PDF(Pubmed)
Abstract:
The senescence of nucleus pulposus (NP) cells (NPCs), which is induced by the anomalous accumulation of reactive oxygen species (ROS), is a major cause of intervertebral disc degeneration (IVDD). In this research, glutathione-doped carbon dots (GSH-CDs), which are novel carbon dot antioxidant nanozymes, were successfully constructed to remove large amounts of ROS for the maintenance of NP tissue at the physical redox level. After significantly scavenging endogenous ROS via exerting antioxidant activities, such as superoxide dismutase (SOD), catalase (CAT), glutathione peroxidase (GPx), and total antioxidant capacity, GSH-CDs with good biocompatibility have been demonstrated to effectively improve mitochondrial dysfunction and rescue NPCs from senescence, catabolism, and inflammatory factors in vivo and in vitro.
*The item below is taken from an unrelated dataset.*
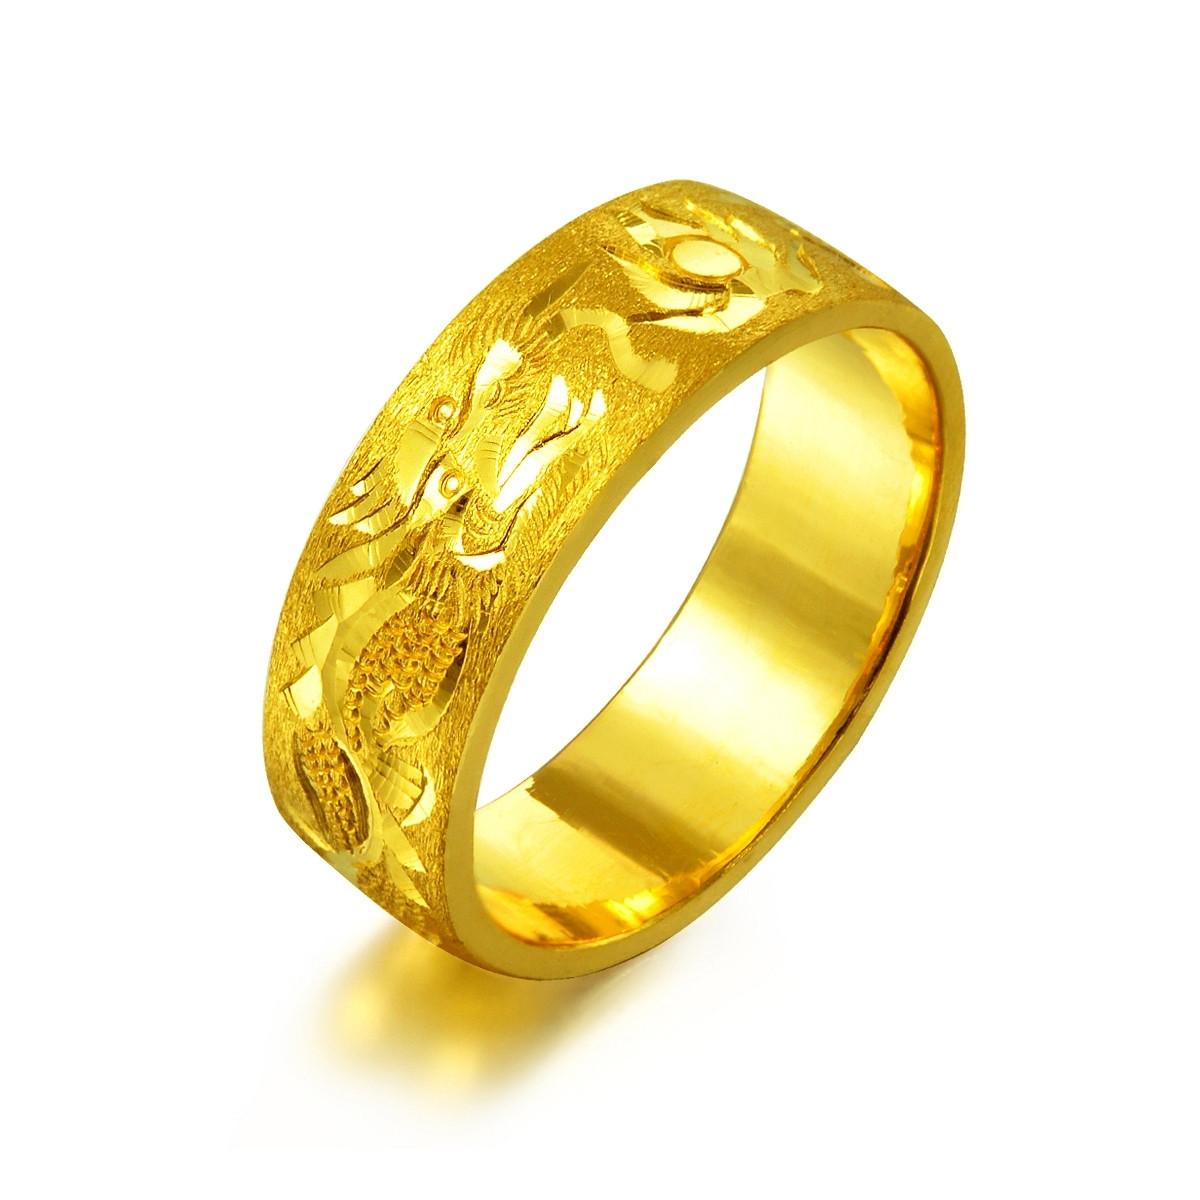 周生生周生生黄金双龙献珠戒指B28481r如图

In vivo imaging data and histomorphological indicators, such as the disc height index (DHI) and Pfirrmann grade, demonstrated prominent improvements in the progression of IVDD after the topical application of GSH-CDs. In summary, this study investigated the GSH-CDs nanozyme, which possesses excellent potential to inhibit the senescence of NPCs with mitochondrial lesions induced by the excessive accumulation of ROS and improve the progression of IVDD, providing potential therapeutic options for clinical treatment.
摘要:
髓核(NP)细胞(NPCs)的衰老,这是由活性氧(ROS)的异常积累引起的,是椎间盘退变(IVDD)的主要病因。在这项研究中,谷胱甘肽掺杂碳点(GSH-CD),这是一种新型的碳点抗氧化纳米酶,在物理氧化还原水平上成功构建了去除大量ROS以维持NP组织。通过发挥抗氧化活性显著清除内源性ROS后,如超氧化物歧化酶(SOD),过氧化氢酶(CAT),谷胱甘肽过氧化物酶(GPx),和总抗氧化能力,具有良好生物相容性的GSH-CD已被证明可以有效改善线粒体功能障碍并挽救NPC的衰老。分解代谢,体内和体外炎症因子。体内成像数据和组织形态学指标,例如圆盘高度指数(DHI)和Pfirrmann等级,在局部应用GSH-CD后,IVDD的进展显着改善。总之,这项研究调查了GSH-CD纳米酶,具有抑制由ROS过度积累引起的线粒体损伤的NPCs衰老和改善IVDD进程的潜力,为临床治疗提供潜在的治疗选择。